Nuclear Power

21 Dec 2021

Rolls-Royce Wins Qatar Backing for Mini Nuclear Reactor Project

21 Dec 2021  by   

Qatar will invest £85m in a Rolls-Royce led programme to build a new generation of smaller nuclear reactors, as part of the UK’s push to meet its 2050 net zero carbon targets.

The investment by the Gulf state’s sovereign wealth fund is a significant boost to the programme, which is aiming to develop a UK-designed small nuclear reactor to be built in factories and then assembled on site, reducing the risks and huge costs of construction of big nuclear power plants.

UK ministers announced last month that they would commit £210m of grant funding to the Rolls-Royce led programme after the aero-engine maker said it had received £145m of investment from two private sector backers. Rolls-Royce is putting in £50m.

Under the terms of the latest agreement, Qatar will invest £85m in the consortium, Rolls-Royce Small Modular Reactor, for a 10 per cent stake.

US energy company Exelon Generation and BNF Resources, an investment vehicle backed by members of France’s wealthy Perrodo family, will own 20 per cent.

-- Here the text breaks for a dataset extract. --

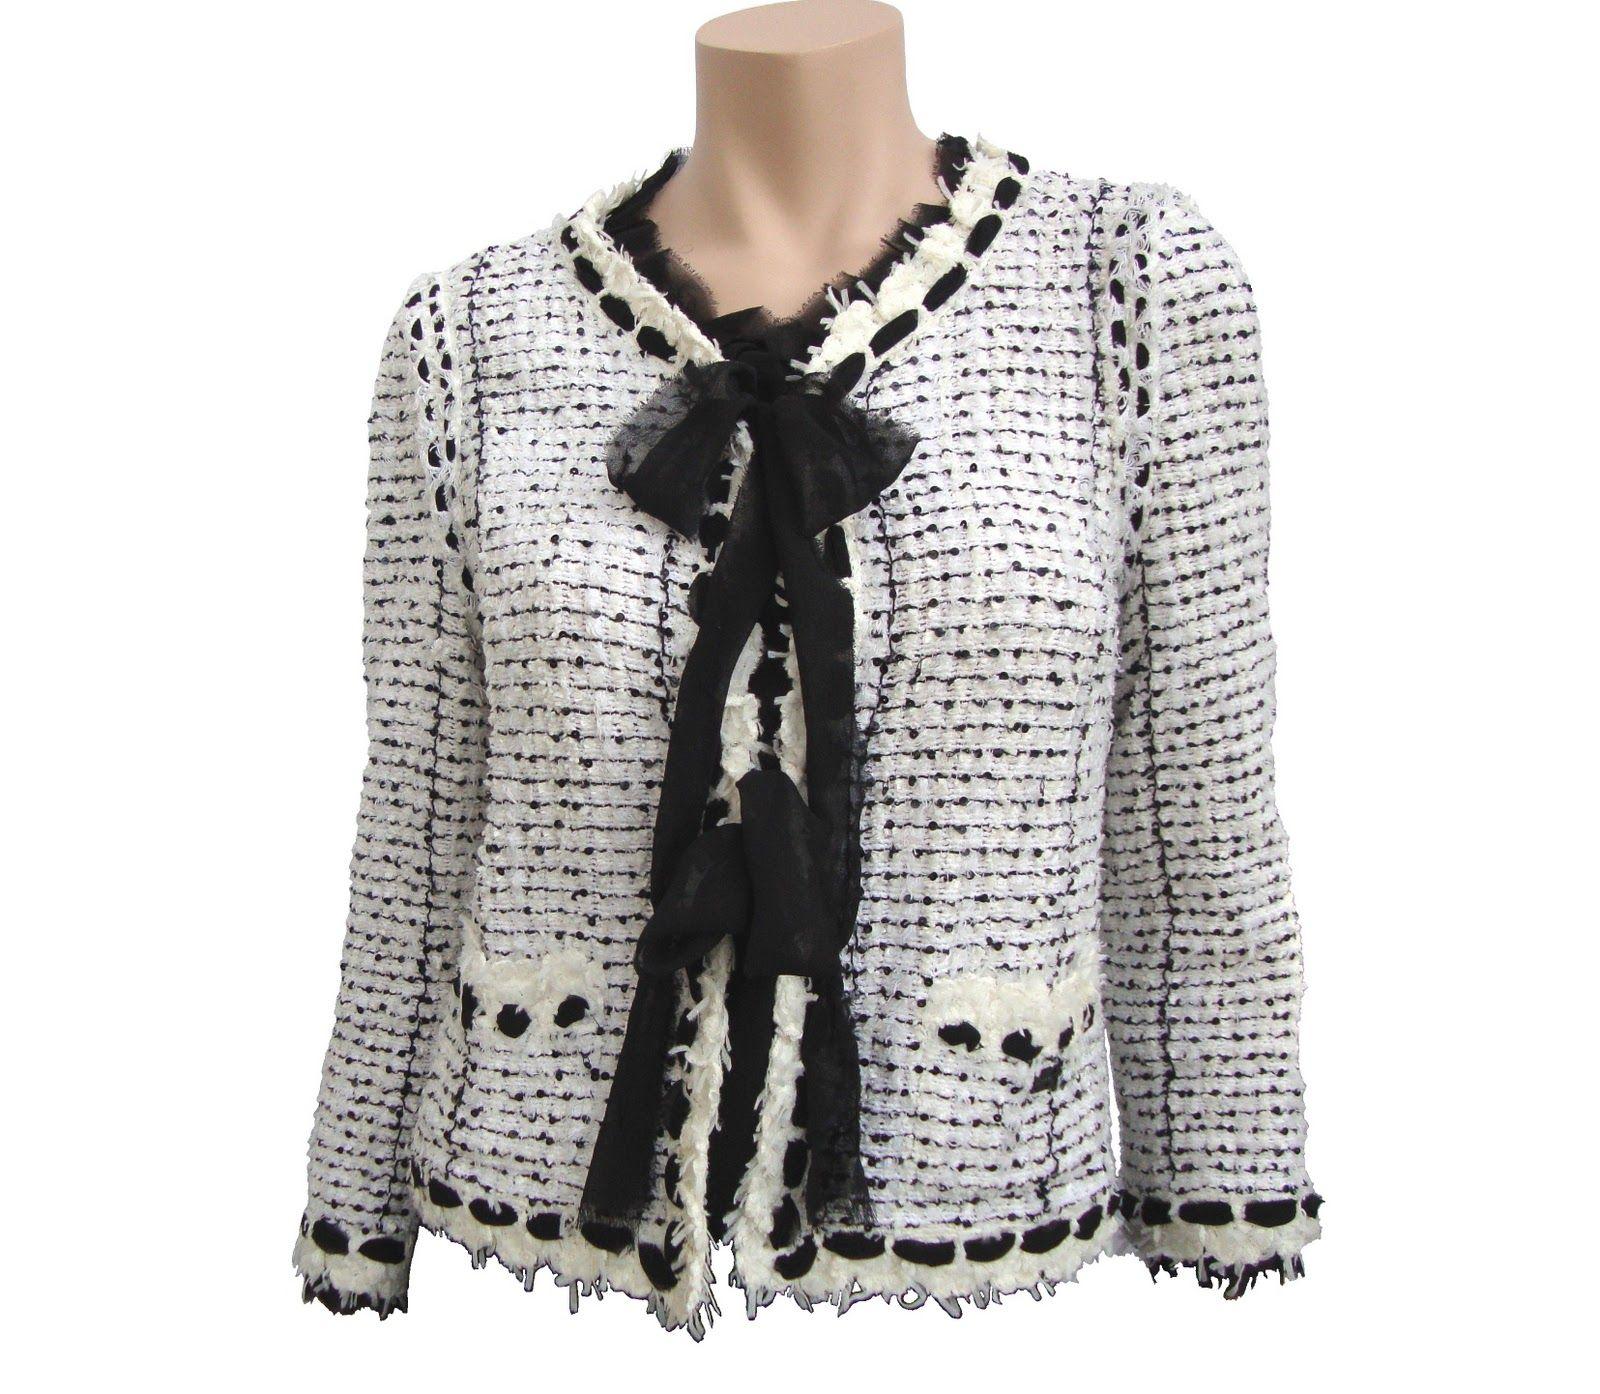 chanel jackets | Vintage Chanel Jacket

Rolls-Royce, which has developed the SMR business for the past six years, will own the remaining 70 per cent.

The Qatari backing will help the consortium fund its design through the first two stages of the UK’s rigorous regulatory process for assessing nuclear reactors, which is expected to take about four years. Rolls-Royce is hoping to build the first SMR early in the next decade.

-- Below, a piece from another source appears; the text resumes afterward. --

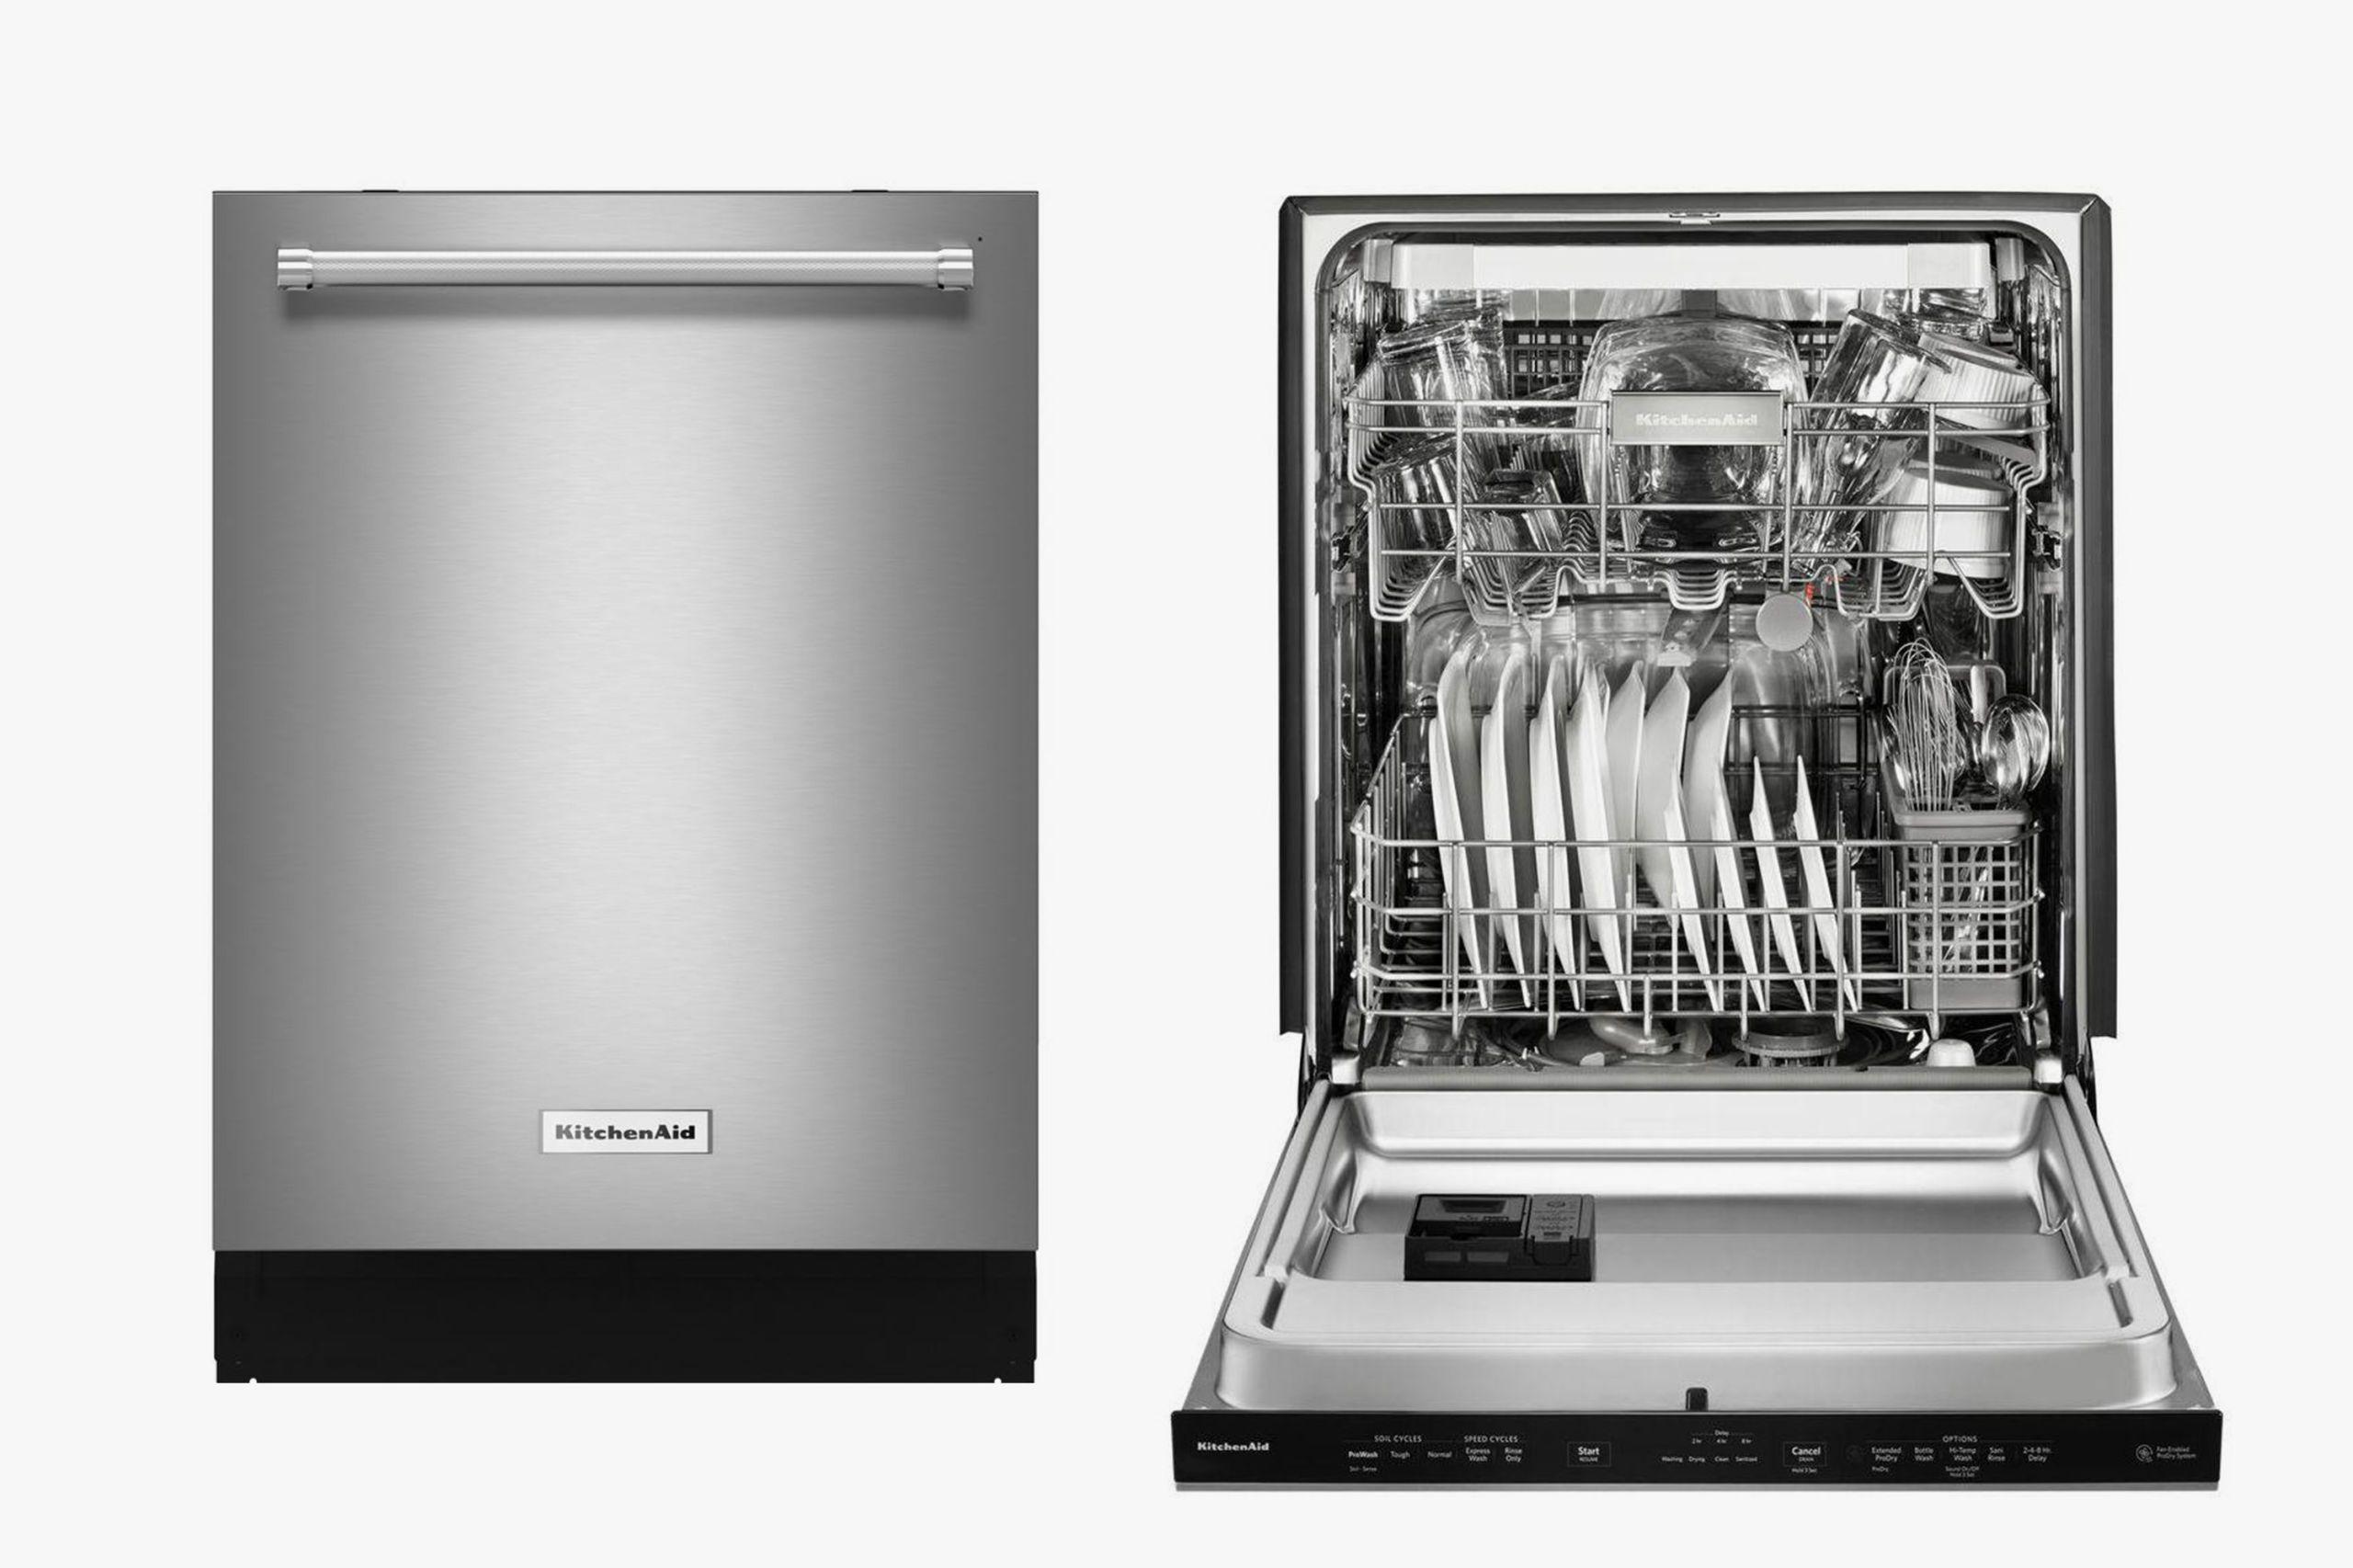 10 Best Dishwashers for 2020 - Top Dishwasher Reviews

Rolls-Royce’s design has a generation capacity of 470MW, which is small compared with Hinkley Point C, a 3.2GW two-reactor nuclear plant under construction in Somerset in south-west England. But its capacity is not far off some of Britain’s earliest nuclear power stations.

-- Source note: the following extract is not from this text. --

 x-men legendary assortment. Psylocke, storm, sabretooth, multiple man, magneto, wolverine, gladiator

The government has committed to supporting both smaller and large-scale nuclear plants as part of plans to create jobs and help meet future electricity demand, which is expected to double by 2050. Other countries including the US and France are developing SMRs.

However, sceptics argue that Rolls-Royce’s small nuclear reactor is not yet proved and will come too late to make a significant contribution to the UK’s recently announced target to make electricity generation net zero on carbon emissions by 2035.

Mansoor bin Ebrahim Al-Mahmoud, chief executive officer of the Qatar Investment Authority said the fund was “investing in the energy transition and funding the technologies that enable low carbon electricity generation”.

Qatar’s investment comes after it announced last month that it would partner Rolls-Royce to build a UK science and engineering campus to develop green technology start-ups.

The gas-rich Gulf state already has a relationship with Rolls-Royce: Qatar Airways is one of the biggest customers for its Trent jet engines.

​For Rolls-Royce, the partnership and the small nuclear reactor project are among a number of initiatives it is pursuing to convince investors that it could benefit from global efforts to combat climate change.